To my understanding, no it doesn't, as the value is resolved when the function pointed is created, not when the underlying function executes, which the code you linked shows too. I know it uses the "env" as a structure field, but it's partial application, not the actual closure which has access to parent scope. Consider two counter examples in python:

    for x in range(1,10): ret.append(partial(lambda y: y*2, x)) # that's what erlang does

    for x in range(1,10): ret.append(partial(x, lambda y: y*2)) # that's an actual closure, as all lambdas will return 18 because x is captured from the parent context

But then again, it doesn't matter since variables are assigned only once.

>Like I mentioned near the top, it's worth bearing in mind that the compiler can also do quite a bit of simplification and optimization during compilation to BEAM - so there may be cases where you end up with a function capture instead of a closure, because the compiler was able to remove the need for the free variable in cases like your example, but I can't recall what erlc specifically does and does not do in that regard.
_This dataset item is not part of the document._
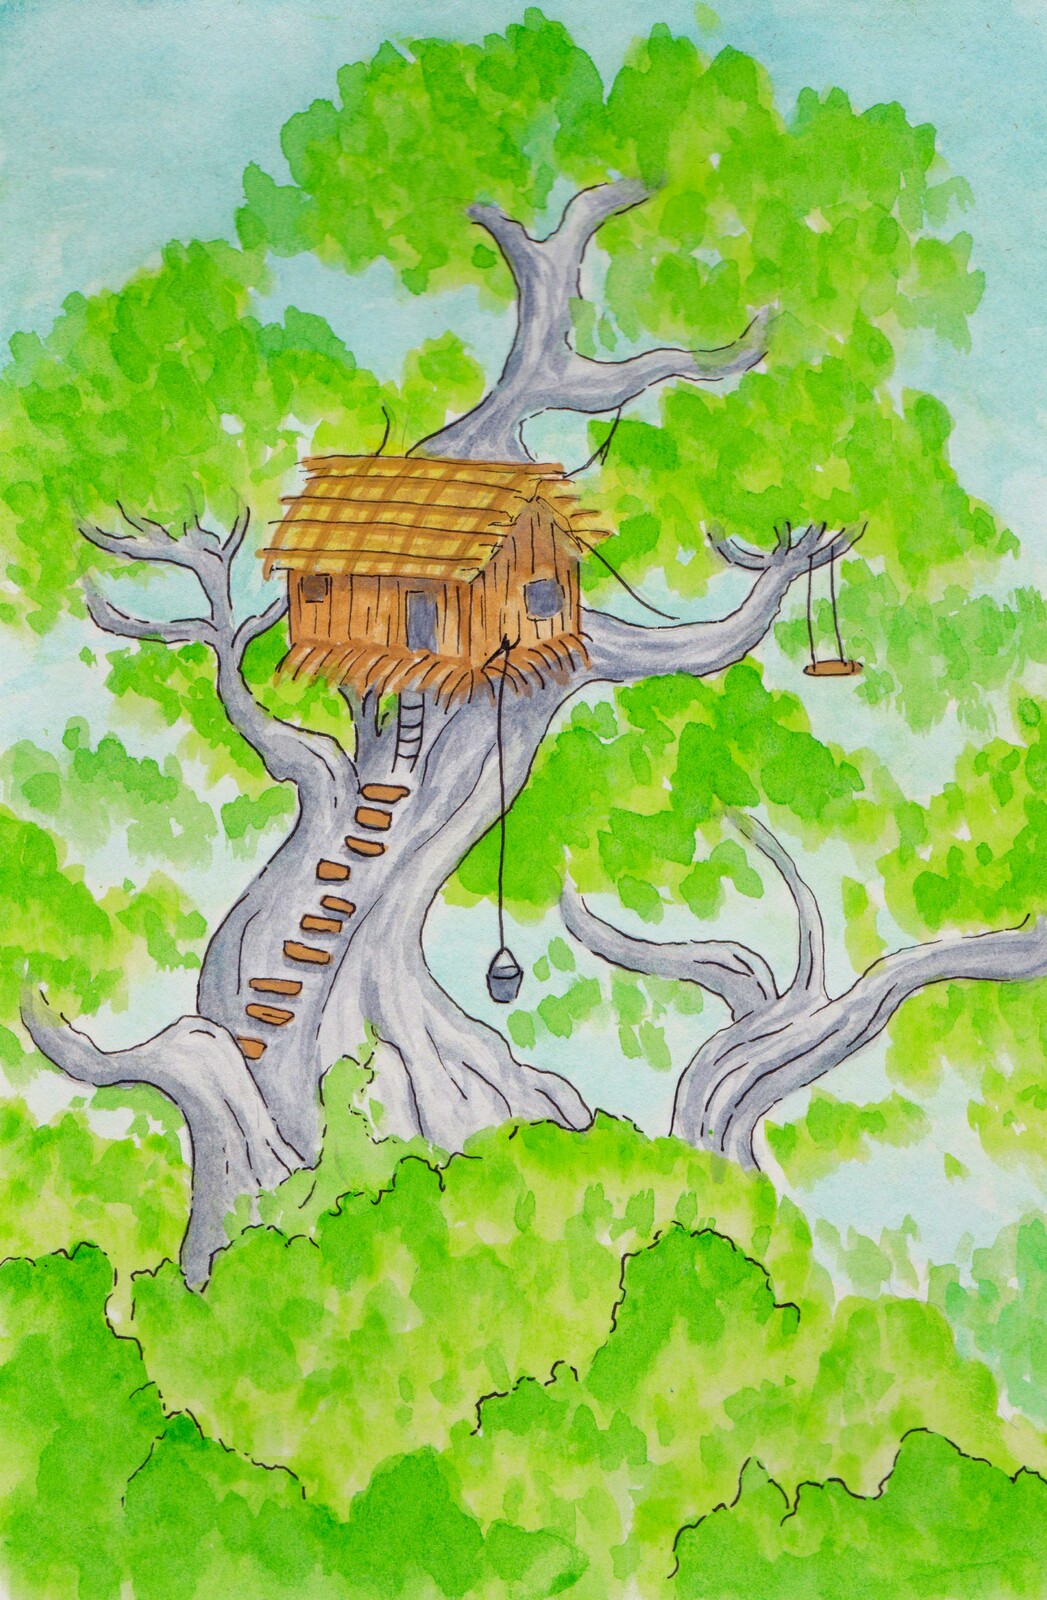 "The boy who lived in a tree" illustration

I was looking into it a week ago, and erlc does what I described when it can't figure out the constant at compile time.

add: If we are at it, BEAM doesn't even know about variables, only values and registers anyway, so it has nothing to capture anyway.

[bitwalker]

> To my understanding, no it doesn't, as the value is resolved when the function pointed is created, not when the underlying function executes, which the code you linked shows too. I know it uses the "env" as a structure field, but it's partial application, not the actual closure which has access to parent scope

The code I linked literally shows that the closed-over terms are written into the closure environment when the fun is created, and if any term is a heap allocated object, it isn't copied into the closure, only the pointer is written into the env. The only reason you can't observe the effects of mutability here is because, unlike Python, there is no way to mutate bindings in Erlang.

Again, this isn't partial application - not in implementation nor in semantics.

[Muromec]

>Again, this isn't partial application - not in implementation nor in semantics.

Maybe you will change your opinion if you take a look at the code 'erlc -S' produces for the inline function.